Mental Health and Society Division, Douglas Research Centre, Montreal, QC, Canada.
Purple Squirrel Economics, Montreal, QC, Canada.
Schizophr Bull. 2021 Mar 16;47(2):465-473. doi: 10.1093/schbul/sbaa130.
Cost-effectiveness studies of early intervention services (EIS) for psychosis have not included extension beyond the first 2 years. We sought to evaluate the cost-effectiveness of a 3-year extension of EIS compared to regular care (RC) from the public health care payer's perspective. Following 2 years of EIS in a university setting in Montreal, Canada, patients were randomized to a 3-year extension of EIS (n = 110) or RC (n = 110). Months of total symptom remission served as the main outcome measure. Resource use and cost data for publicly covered health care services were derived mostly from administrative systems. The incremental cost-effectiveness ratio (ICER) and cost-effectiveness acceptability curve were produced. Relative cost-effectiveness was estimated for those with duration of untreated psychosis (DUP) of 12 weeks or less vs longer. Extended early intervention had higher costs for psychiatrist and nonphysician interventions, but total costs were not significantly different. The ICER was $1627 per month in total remission. For the intervention to have an 80% chance of being cost-effective, the decision-maker needs to be willing to pay $5942 per month of total symptom remission. DUP ≤ 12 weeks was associated with a reduction in costs of $12 276 even if no value is placed on additional months in total remission.
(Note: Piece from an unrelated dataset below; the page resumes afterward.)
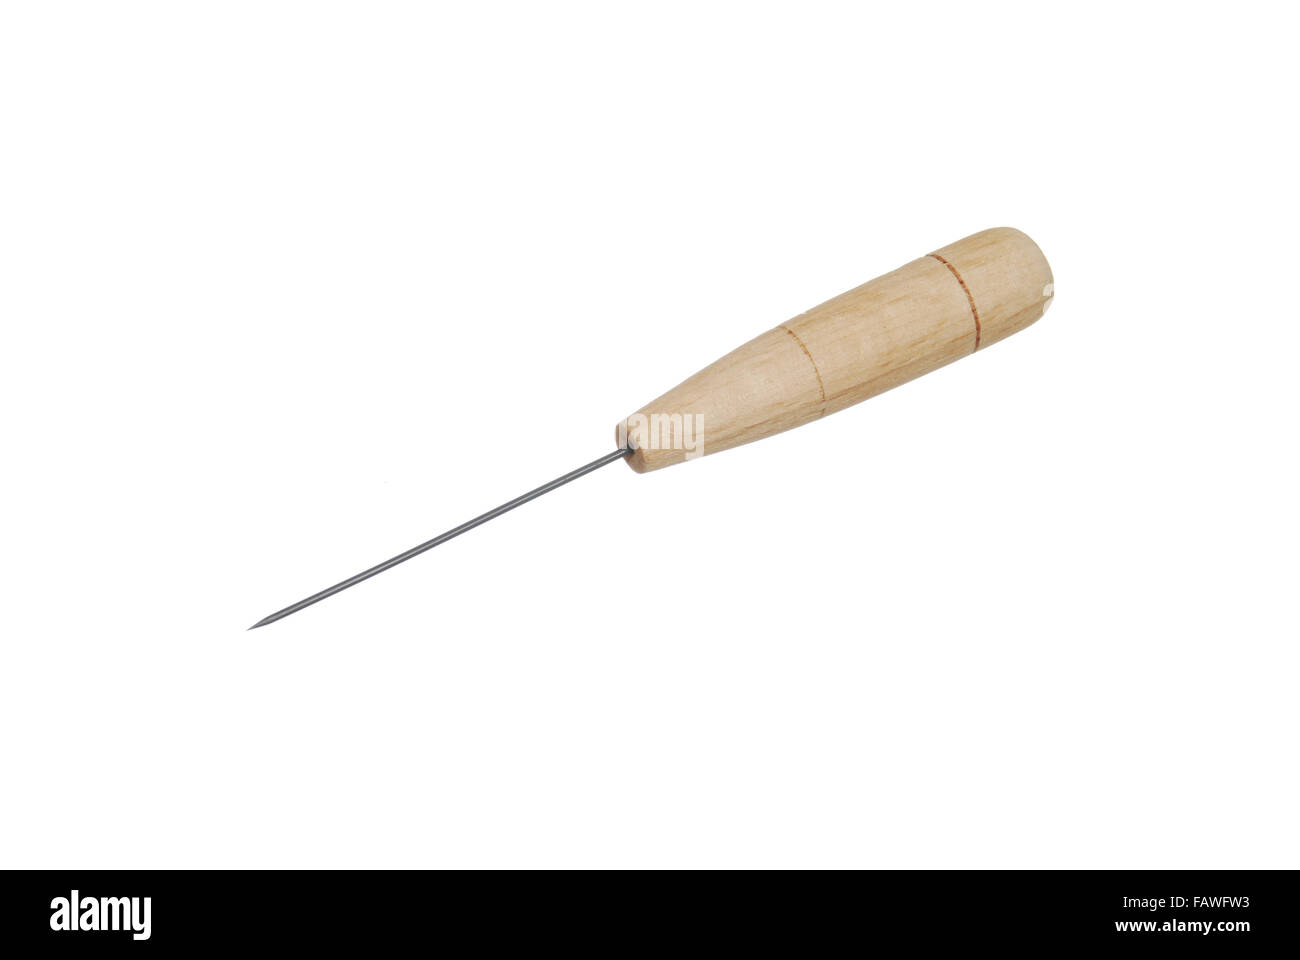 awl with wooden handle on a white background Stock Photo

Extending EIS for psychosis for people, such as those included in this study, may be cost-effective if the decision-maker is willing to pay a high price for additional months of total symptom remission, though one commensurate with currently funded interventions. Cost-effectiveness was much greater for people with DUP ≤12 weeks.
早期干预服务(EIS)对精神病的成本效益研究尚未包括超过头 2 年的扩展。我们旨在从公共医疗保健支付者的角度评估 EIS 延长 3 年与常规护理(RC)相比的成本效益。在加拿大蒙特利尔的一所大学环境中进行 2 年 EIS 后,患者被随机分配到 EIS 延长 3 年(n = 110)或 RC(n = 110)。总症状缓解月数是主要的结局指标。公共覆盖的医疗保健服务的资源使用和成本数据主要来自行政系统。产生了增量成本效益比(ICER)和成本效益可接受性曲线。对于未治疗精神病持续时间(DUP)为 12 周或更短的患者和更长的患者,估计了相对成本效益。延长早期干预措施在精神病学家和非医师干预方面的成本较高,但总成本没有显著差异。总缓解期每月的 ICER 为 1627 美元。为了使干预措施有 80%的可能性具有成本效益,决策者需要愿意为每月总症状缓解支付 5942 美元。DUP≤12 周与成本降低 12276 美元相关,即使不考虑总缓解期的额外月份,也无需支付任何价值。如果决策者愿意为总症状缓解额外增加的月份支付高昂的费用,那么为精神病患者延长 EIS,例如本研究中纳入的患者,可能具有成本效益,尽管与目前资助的干预措施相比,这一费用是相当的。DUP≤12 周的患者的成本效益要高得多。